Cylindrical shell structures often operate under high-temperature and high-pressure conditions, including superheating pipes in boilers [1] and nuclear fuel rod cladding in pressurized water reactors (PWRs) [2,3,4,5]. The cylindrical shell under external pressure has a risk of buckling [6]. To prevent buckling failure, it is a fundamental design requirement that the external pressure during the period of service must be less than a critical load, which can be determined by an elastic buckling analysis [6]. Moreover, the creep deformation of the material at high temperatures can also significantly influence the buckling behavior [7]. After a long time serving in a high-temperature environment, an irreversible creep deformation will be produced, and creep buckling could occur in a pressured cylindrical shell or pipe, where the external pressure could be much less than the critical load. As creep buckling will seriously reduce the service life or safety, it needs more consideration in practical design and analysis [8,9]. Many research studies have focused on this topic through theoretical analyses [1], experimental investigations [10,11,12], and numerical simulations [10,13,14,15]. It was confirmed in [10] that the phenomenon of creep buckling of cylindrical shells exists, and it is very sensitive to small variations in initial parameters, such as the initial geometric imperfection and the external pressure [13,15]. Based on the experimental and numerical studies, Combescure [11,14] observed that creep buckling is a very dangerous failure mode: nothing seems to happen during a very long “incubation” period, but when the initial imperfection reaches some critical value, buckling then suddenly occurs. Combescure and Jullien [15] further showed that the effect of creep law modeling is also important in the creep buckling analysis.

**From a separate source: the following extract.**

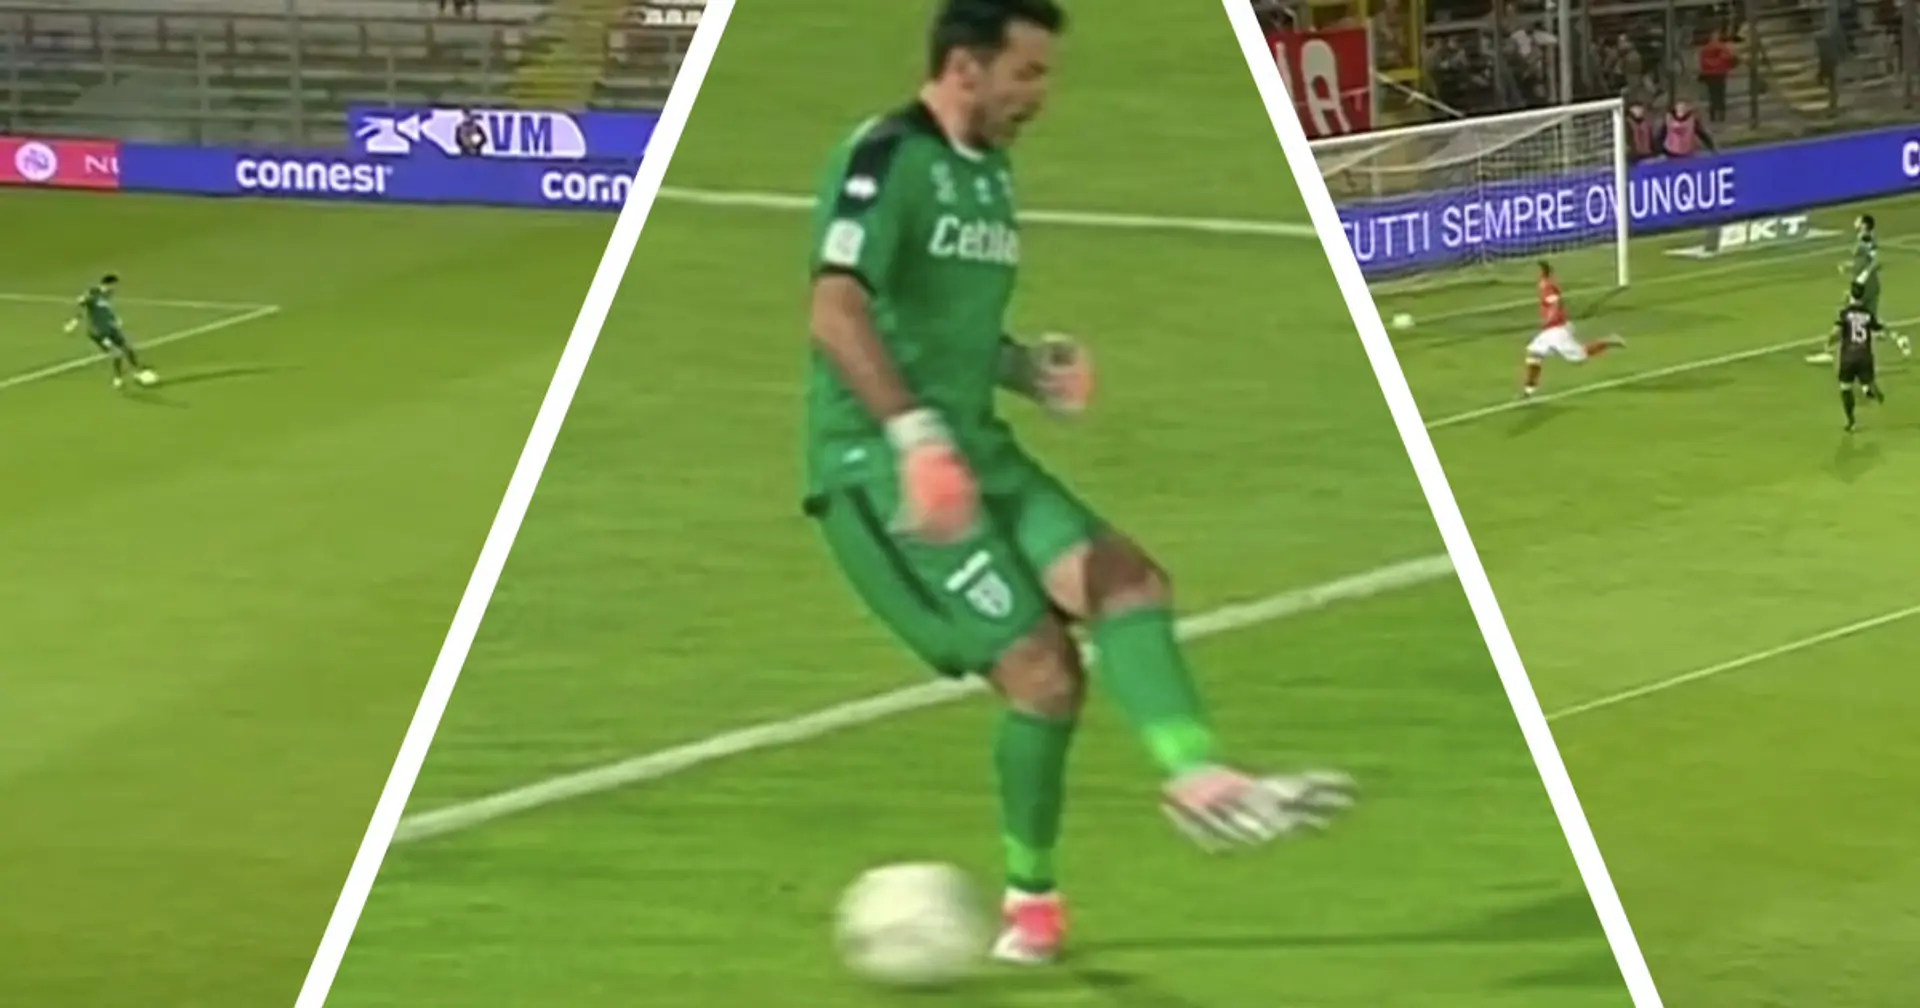 'Non è più all'altezza!': papera clamorosa dell'ex N.1 della Juve Gigi Buffon contro il Perugia, i tifosi lo attaccano

The buckling or collapse behavior of shell structures is sensitive to the imperfections, which may come from manufacturing, fabrication, welding, transportation, and so on [6]. The imperfections in shells can be classified as geometrical imperfections, structural imperfections, and loading imperfections, where the geometrical imperfections are more dominant in determining the load-carrying capacity [16,17,18]. The geometrical imperfections, such as circularity, cylindricity, local indentations, dents, dimples, cracks, swellings, non-uniform thicknesses, etc., in cylindrical shell structures, can be further classified into two main categories: the global imperfections and the local imperfections [19,20,21]. Many approaches have been developed to model the geometrical imperfections in buckling analysis. For the global imperfections or the distributed imperfections, some representatives include [22] the following: (a) single modal method, (b) superposition of multimodal shapes, (c) Gaussian random imperfection shapes based on construction tolerance, (d) periodic buckling wave imperfections, and (e) measured geometrical imperfections. The finite element method (FEM) and the FEM softwares or codes have been powerful tools to analyze the structural buckling behavior [23]. In the FEM analysis, the buckling modes can be obtained by conducting an elastic/eigenvalue buckling analysis, and then the geometrical imperfections can be defined by scaling each mode with superposition. Correspondingly, the local geometrical imperfections on the internal surface or/and the external surface can be modeled in detail according to the tests or simplified by some dents and dimples [18,19,24,25,26] or local wall-thinning defects [27,28,29,30,31,32,33,34,35,36,37,38,39]. They show that the local geometrical imperfections could significantly influence the buckling modes and load-carrying capacity of the cylindrical shell structures or pipes under external pressure [24,28,29,30,37,38].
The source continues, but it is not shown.